(Recorded data begins)

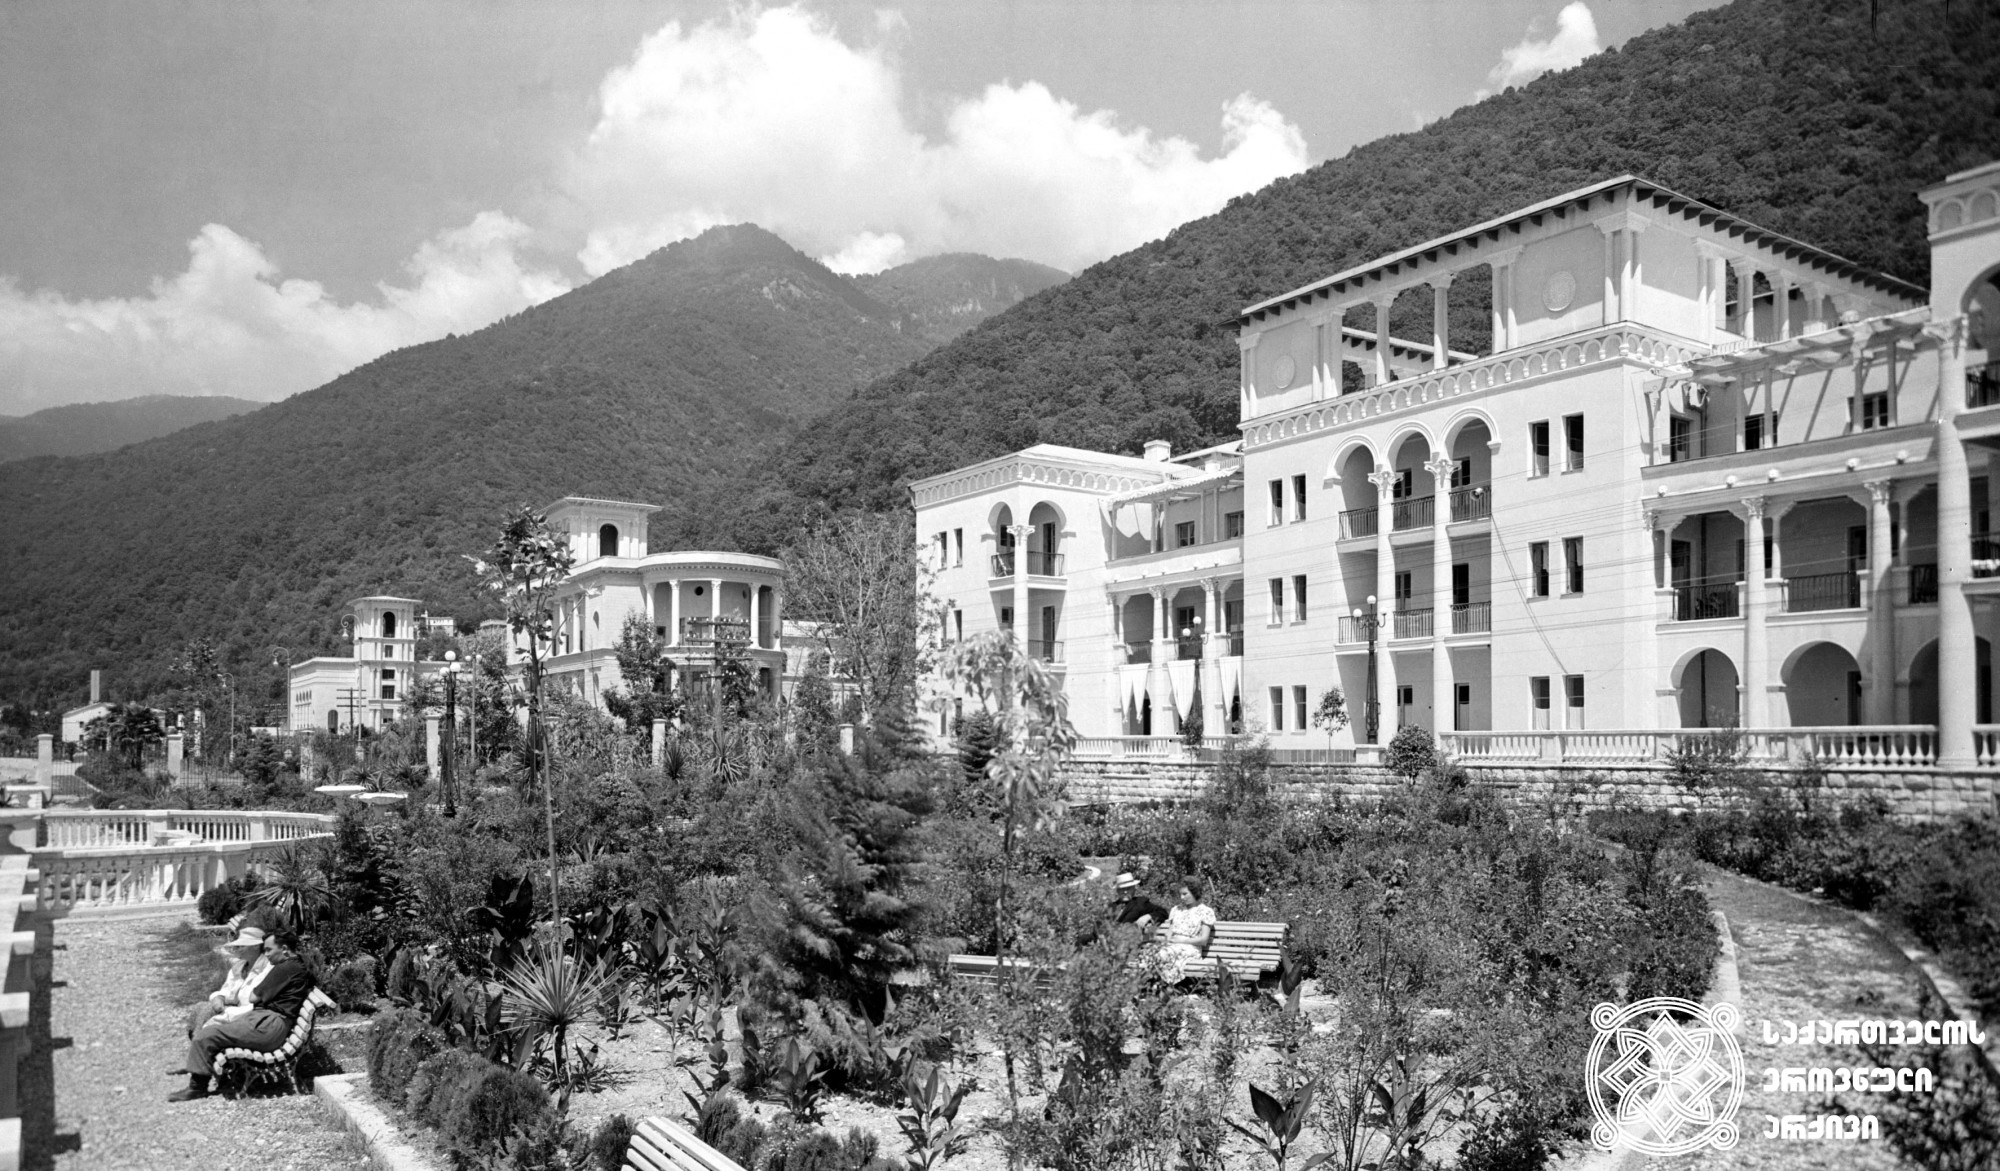 სანატორიუმი „ნეფტიანიკი“. გაგრა, 1955 წელი. <br>
The Sanatorium “Neftyanik”. Gagra, 1955.
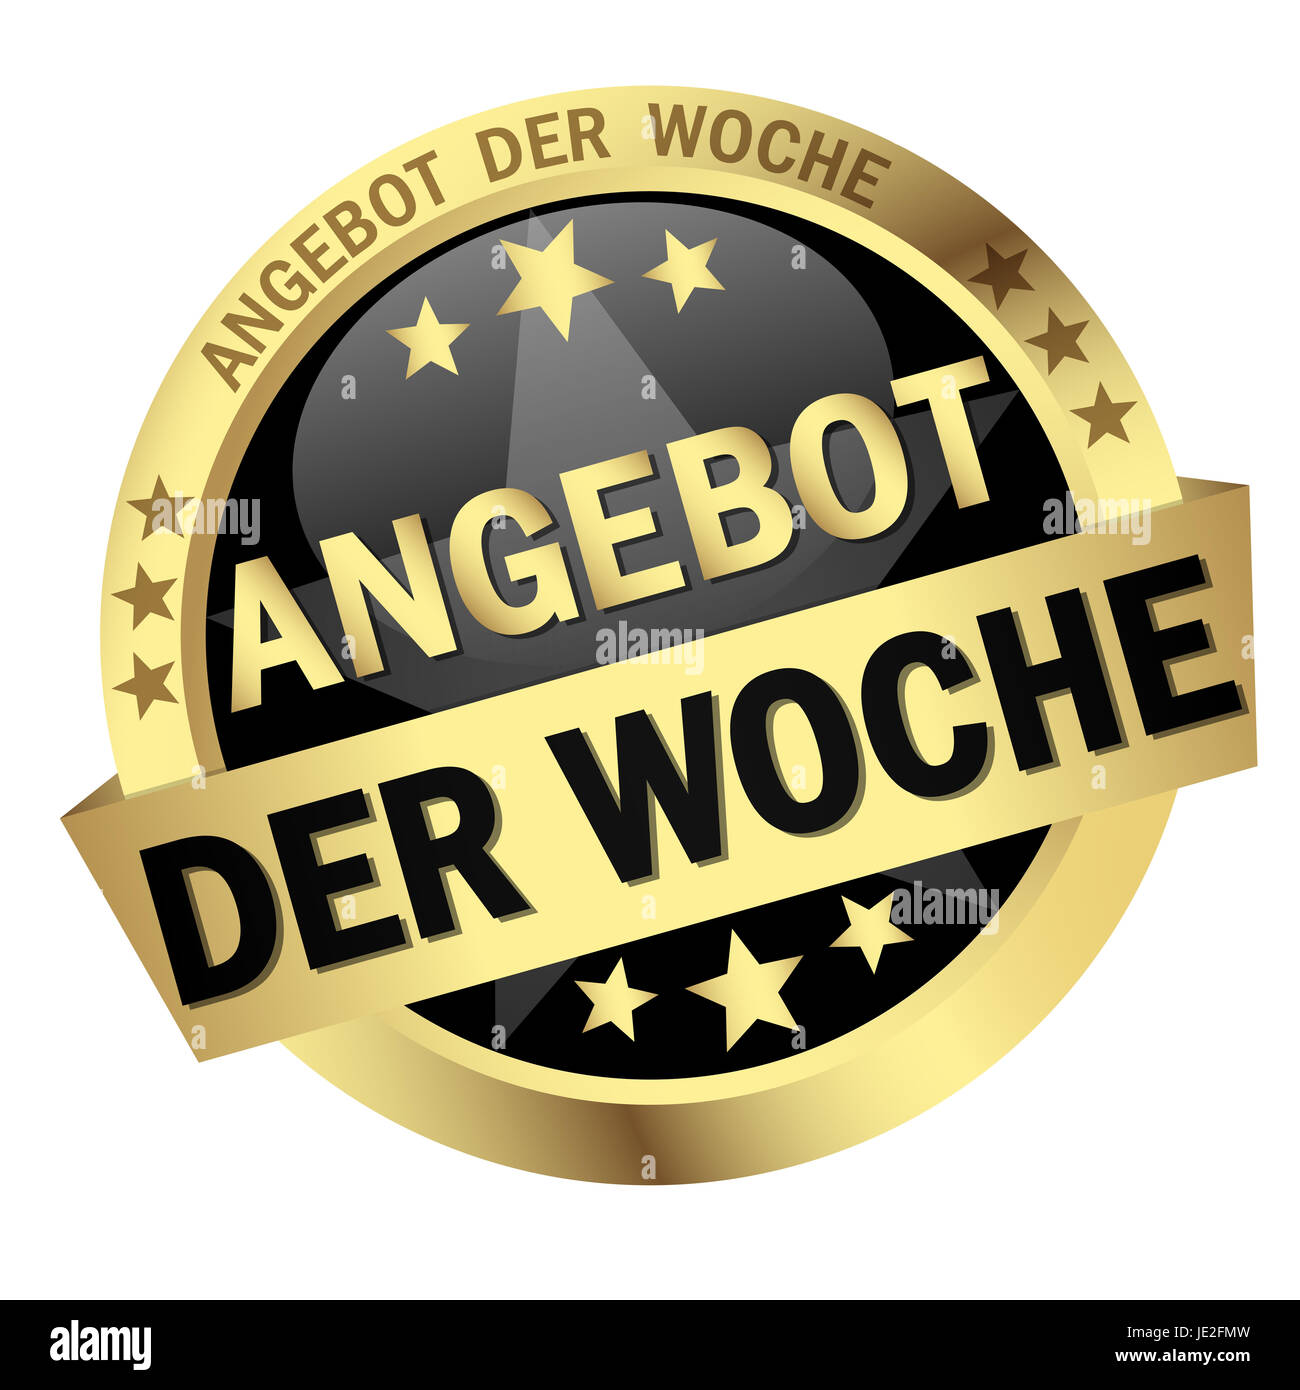 Button with banner - Angebot der Woche Stock Photo
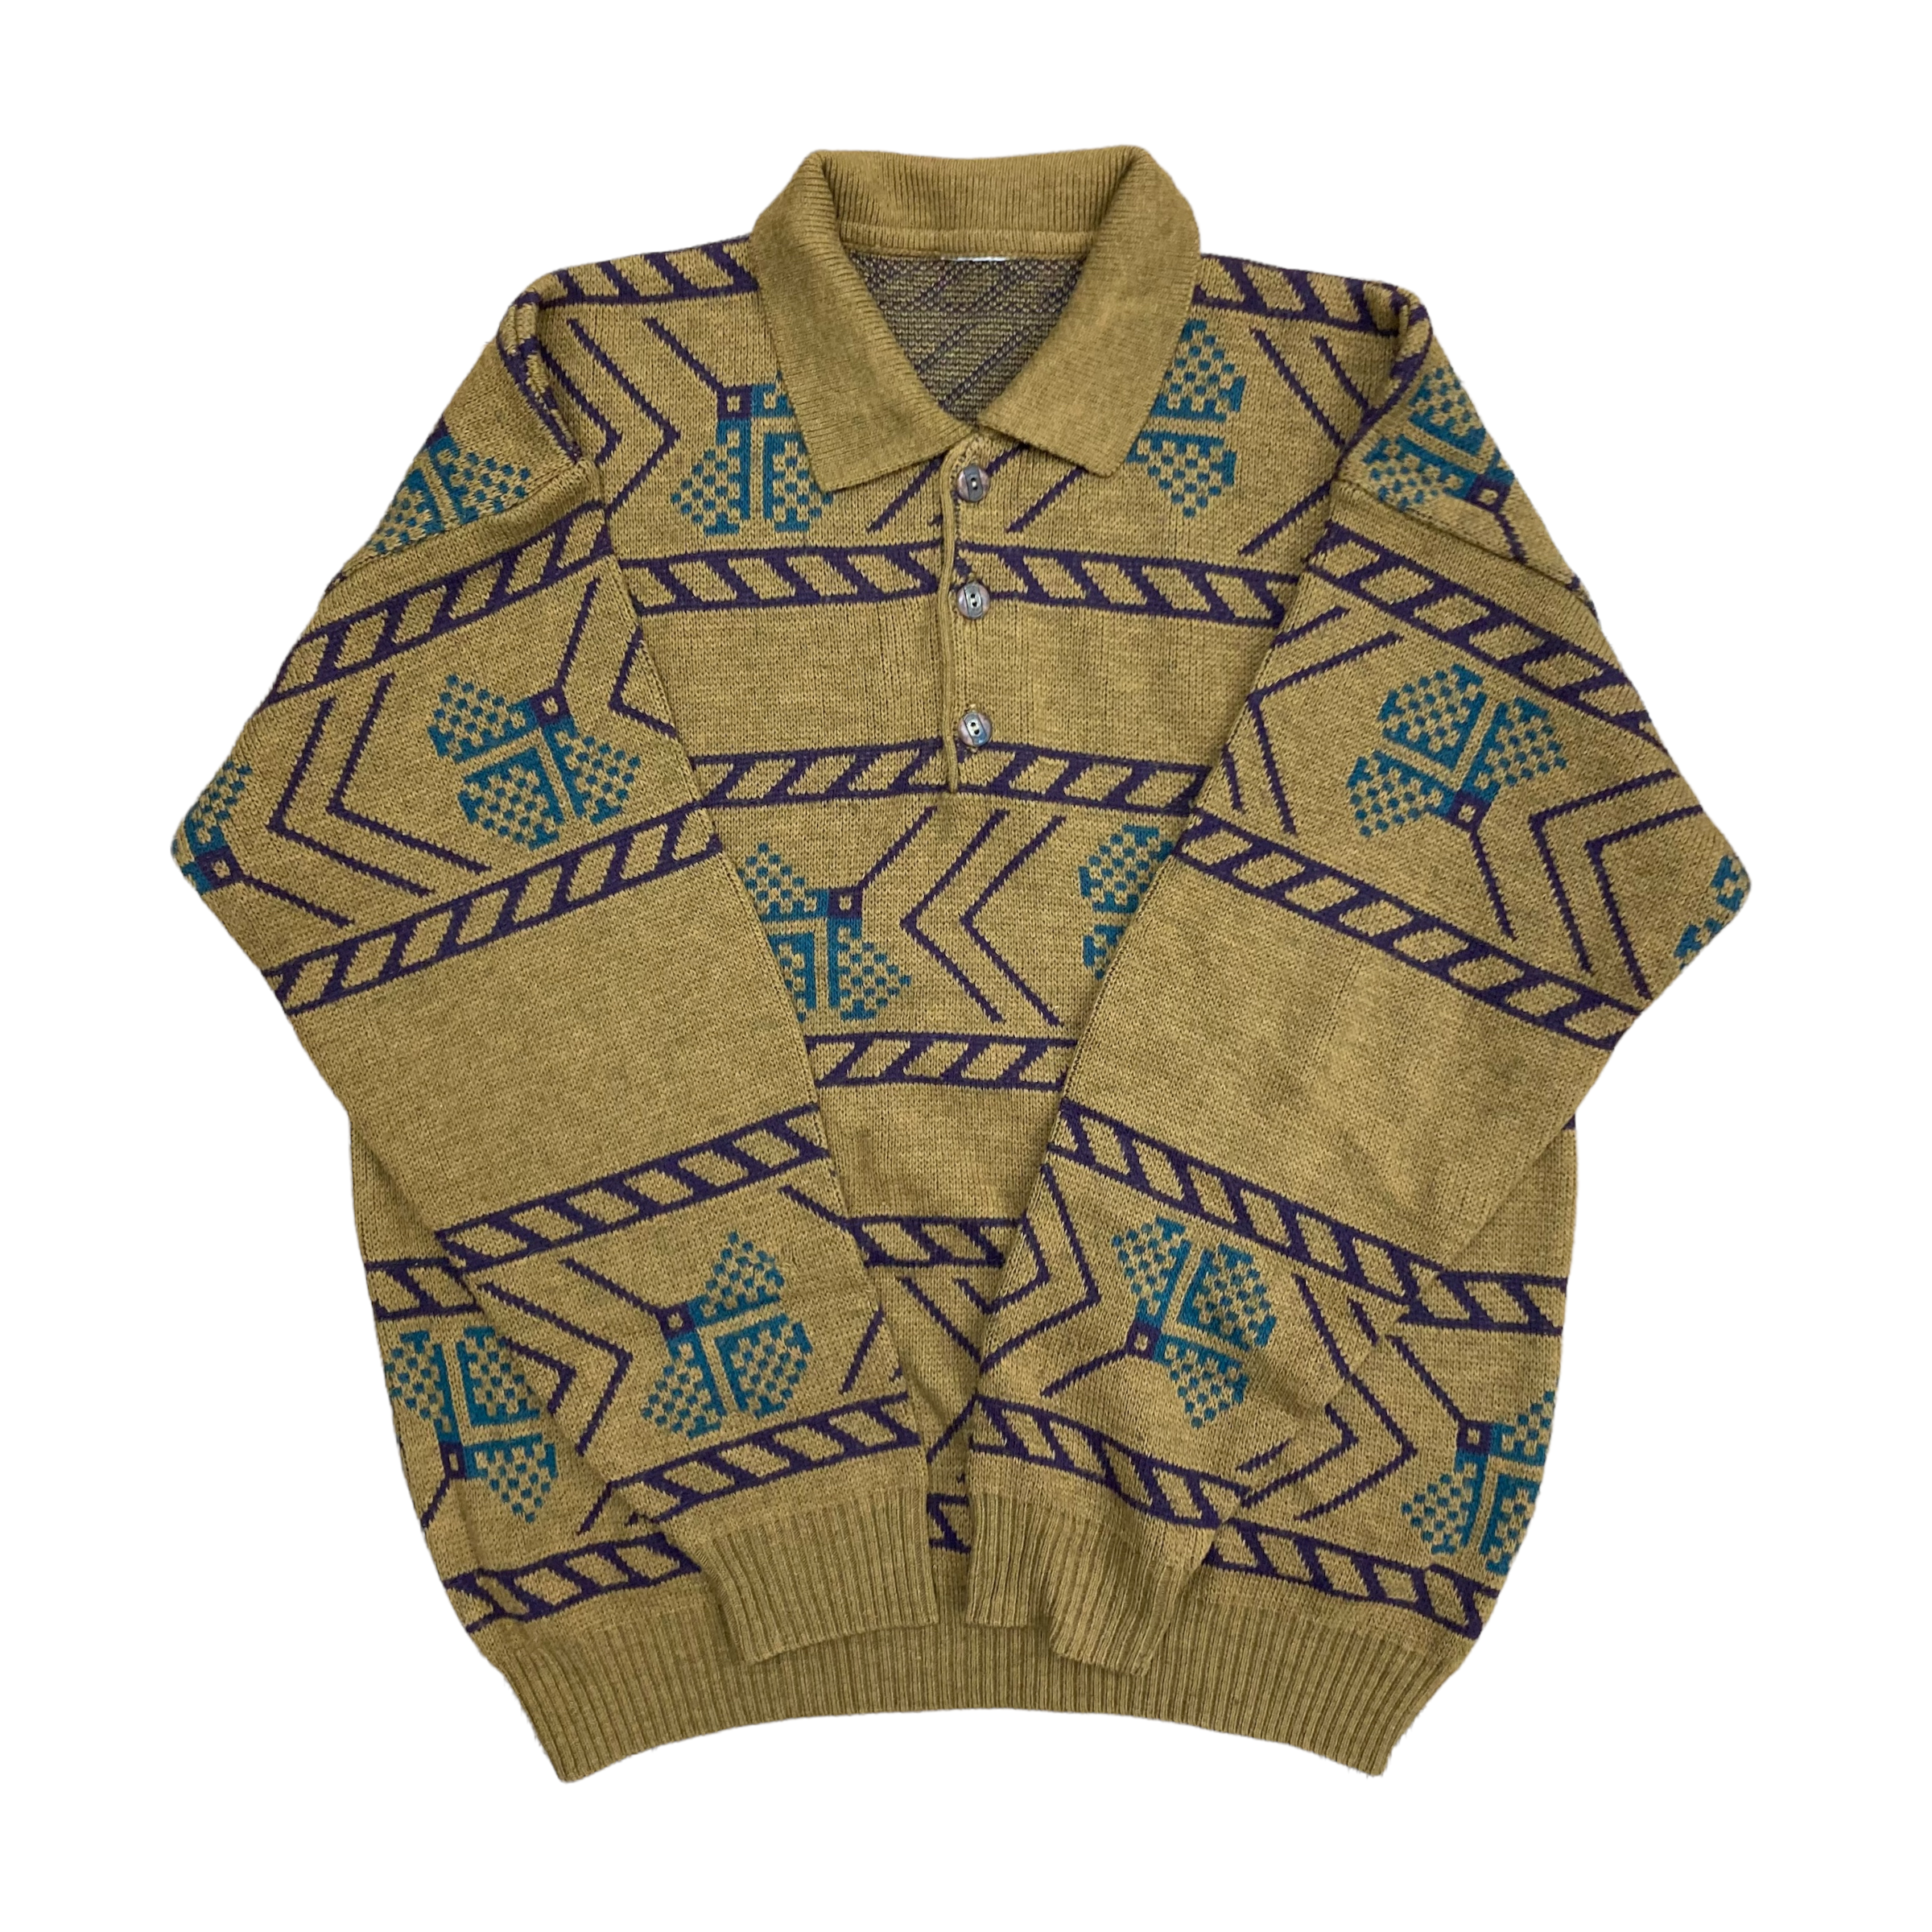 vintage レトロ ニット セーター 幾何学的模様 リーフ柄

(Recorded data ends)

Assigned task: The answer is the full listing above, reproduced character for character, minus its images.

Result of this task:
 სანატორიუმი „ნეფტიანიკი“. გაგრა, 1955 წელი. <br>
The Sanatorium “Neftyanik”. Gagra, 1955.
 Button with banner - Angebot der Woche Stock Photo
 vintage レトロ ニット セーター 幾何学的模様 リーフ柄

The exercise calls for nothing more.